# Cleaning electrical contacts



## dlane (Mar 18, 2019)

I have a Allen Bradley 3ph push button start switch powering a 220v 1ph compressor, only using two connections.
It’s working good , the contacts look a little dirty/ burnt  though , anyone know a good way of cleaning contacts ?


----------



## 4ssss (Mar 18, 2019)

Contact cleaner. Radio Shack sells it


----------



## tq60 (Mar 18, 2019)

Paper...

Cut plain paper into strip same width as contacts.

Place between and lightly push them closed.

Just enough pressure to cause paper to drag just a bit.

Pull paper through slowly.

It will polish off tarnish.

Do not file or sand as the plating may be harmed.

Denatured alcohol cleans well but be sure it is dry.

Sent from my SAMSUNG-SM-G930A using Tapatalk


----------



## Z2V (Mar 19, 2019)

tq60 said:


> Paper...
> 
> Cut plain paper into strip same width as contacts.
> 
> ...


I agree. Over the years I’ve cleaned literally thousands of contacts with a dollar bill. I might not have a piece of paper with me but always would have a dollar in my pocket.


----------



## ThinWoodsman (Mar 19, 2019)

4ssss said:


> Contact cleaner. Radio Shack sells it



Good luck finding a Radio Shack!

I've always used rubbing alcohol. Once it evaporates, a quick rub with a paper towel will remove any remaining water.


----------



## 4ssss (Mar 19, 2019)

ThinWoodsman said:


> Good luck finding a Radio Shack!
> 
> 
> 
> ...


----------



## hermetic (Mar 19, 2019)

Yes, alcohol is good, but if the contacts have been arcing, there will be metal deposited from one contact to another, you can use a very fine file, or even a nail board to flatten and polish the contacts. they should be left clean, and slightly domed. A thin coat of vaseline helps to damp arcing and allows them to slide over each other to find their closest contact point. Many will say you can't do this, I was taught it as an apprentice electrical engineer, and have done exactly this for over 40 years. It stops arcing, and noisy starters, and is a one time cure!


----------



## dlane (Mar 19, 2019)

After cleaned what about a little dielectric grease on contacts, or is Vaseline better.


----------



## Tom1948 (Mar 19, 2019)

I never grease the points themselves. Parts stores have contact cleaner. They should be clean and dry.


----------



## randyjaco (Mar 19, 2019)

There is a product called Flexstones I have found to be very useful for heavily pitted contacts.




__





						The Pinball Resource
					





					www.pbresource.com
				



They were originally designed for automotive contacts. A good item to keep in your toolbox if you work on contacts at all. They have been a lifesaver in a few situations for me. They are also very helpful for other abrasive situations in confined spaces.
Randy


----------



## kd4gij (Mar 19, 2019)

If not pitted  a 100 dollar bill has just abrasives to clean points.
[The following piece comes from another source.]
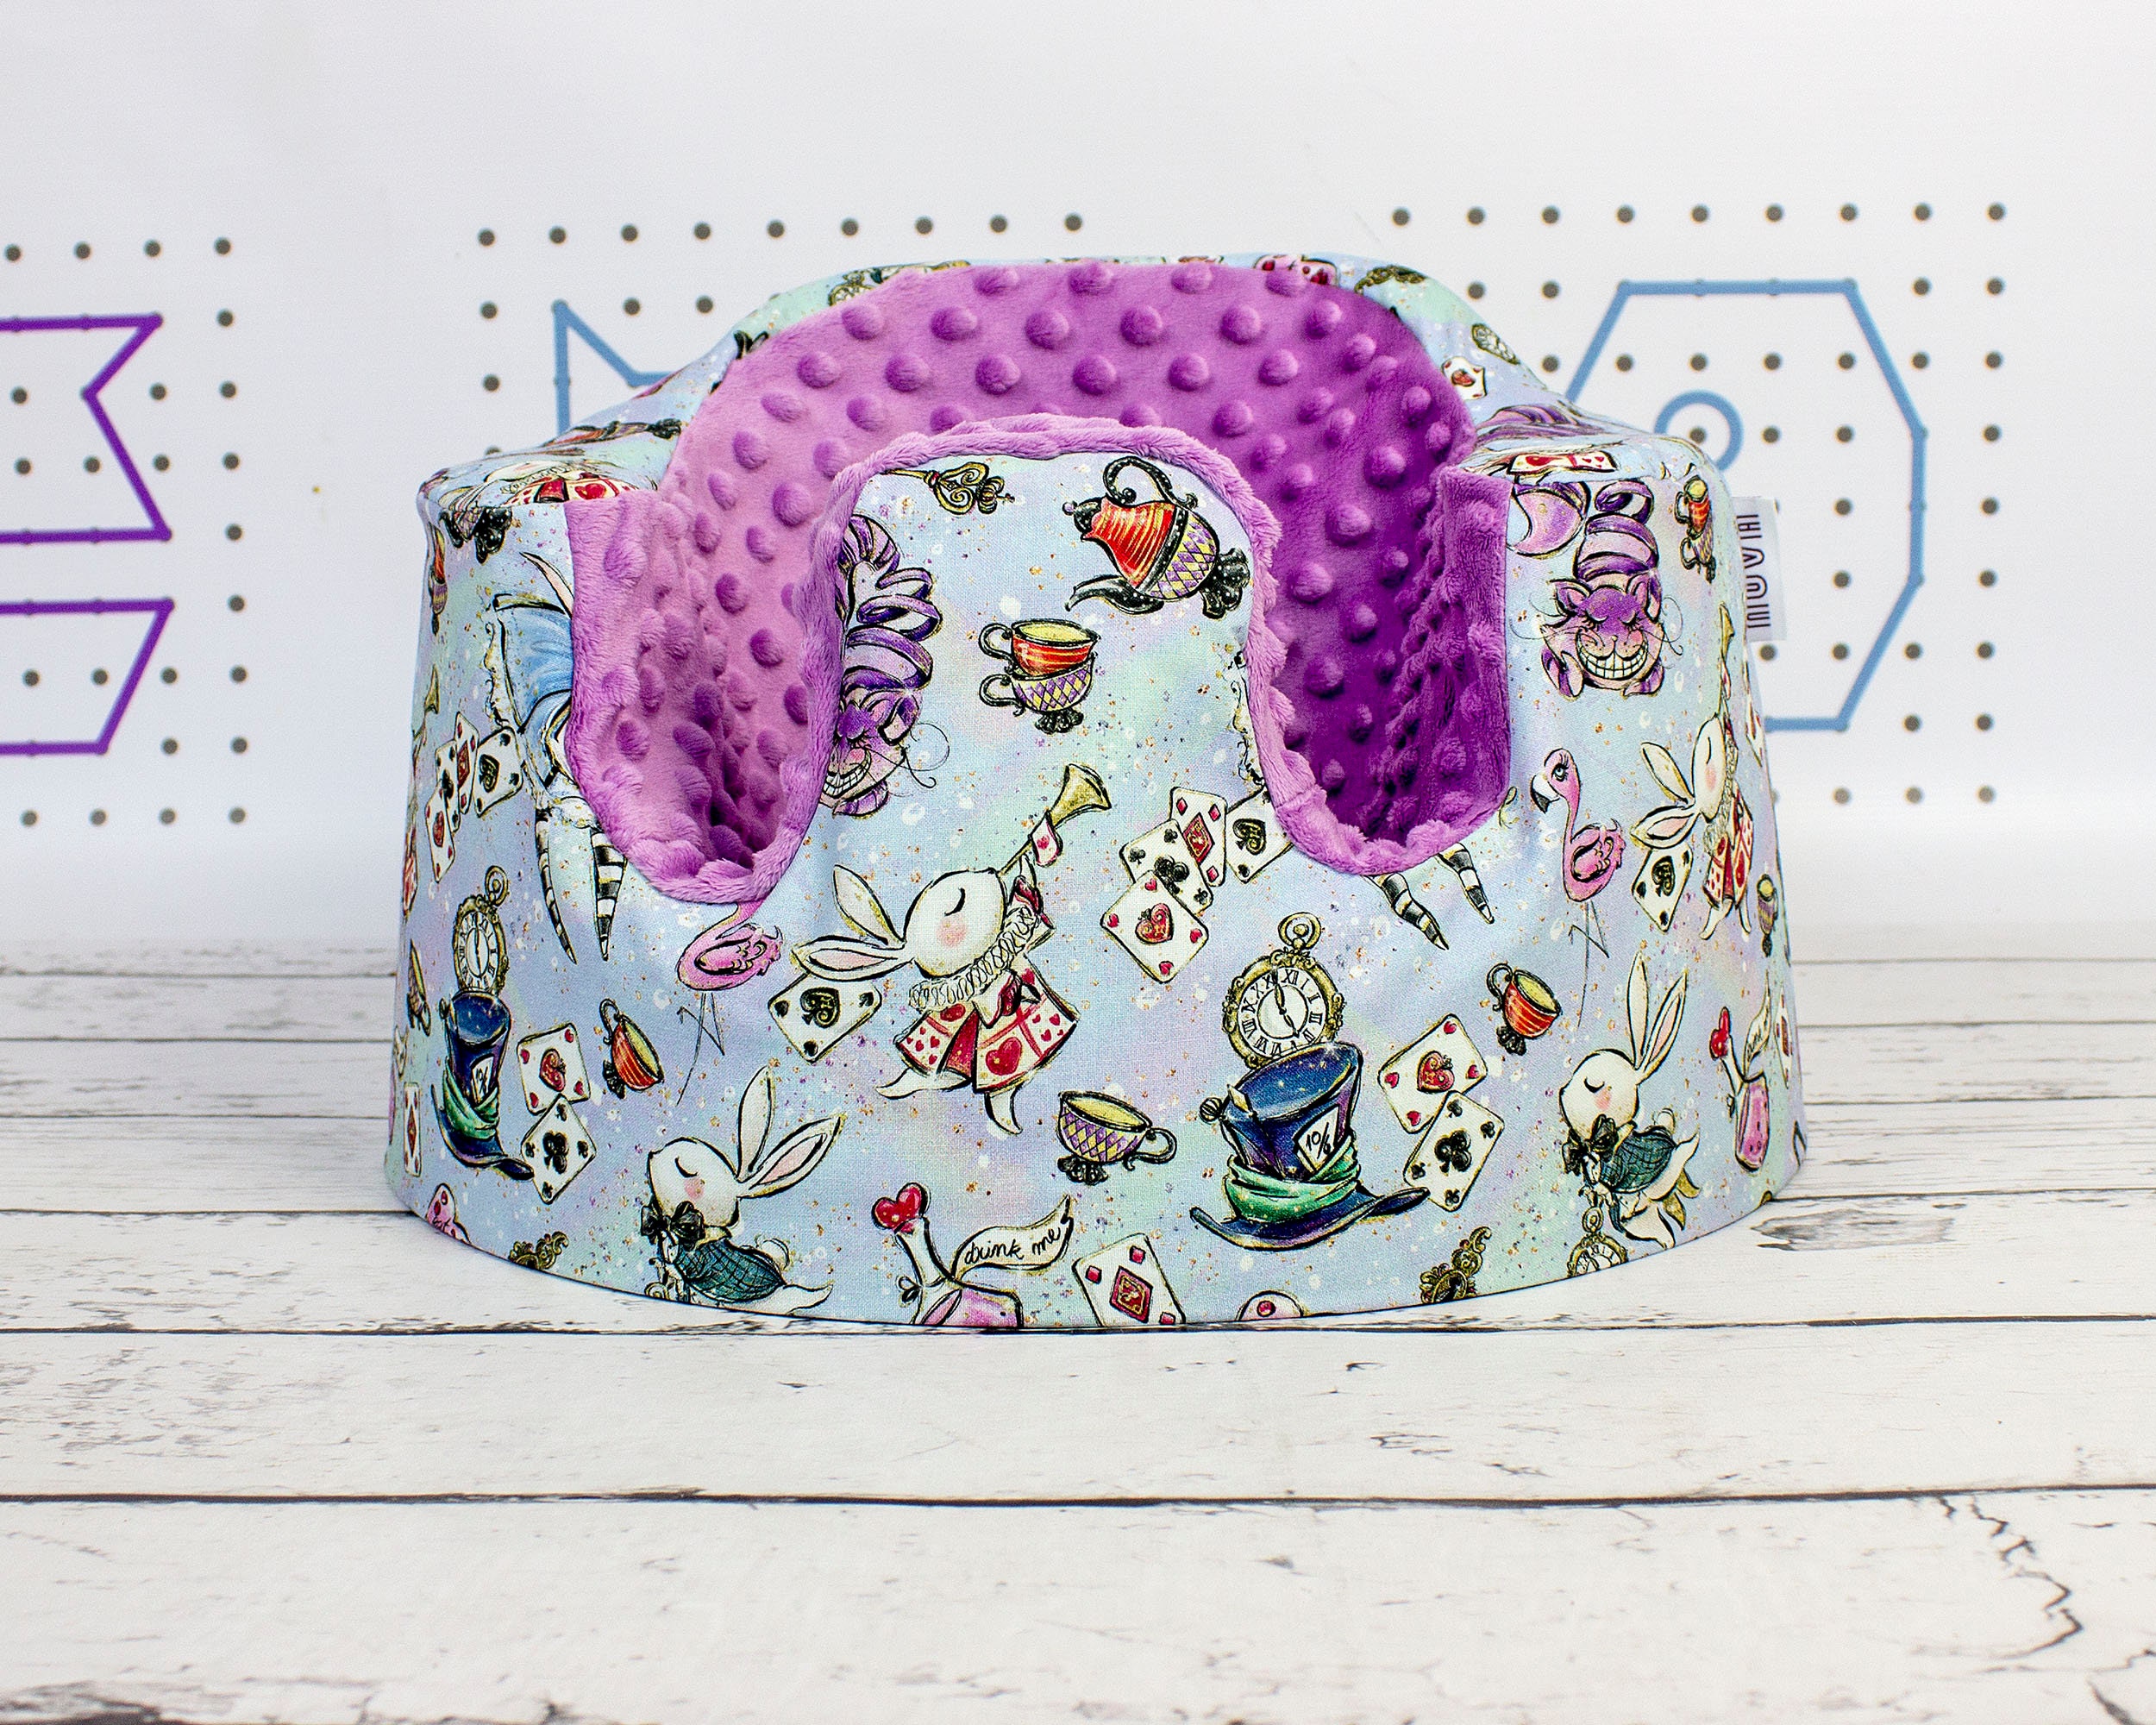 Fitted Bumbo Cover Handmade Cover for Floor Seat Bumbo Alice in Wonderland Bumbo Seat Cover

I wet it with acetone. If pitted you can't beat flex stones. 




__





						Amazon.com: Game Room Guys Flex Stone File - Pinball Repair : Toys & Games
					

Buy Game Room Guys Flex Stone File - Pinball Repair: Kids' Electronics - Amazon.com ✓ FREE DELIVERY possible on eligible purchases



					www.amazon.com


----------



## Ulma Doctor (Mar 19, 2019)

if you use a *new *or a dedicated fine toothed file, you can dress contacts easily.
i have a file that is used only for contacts.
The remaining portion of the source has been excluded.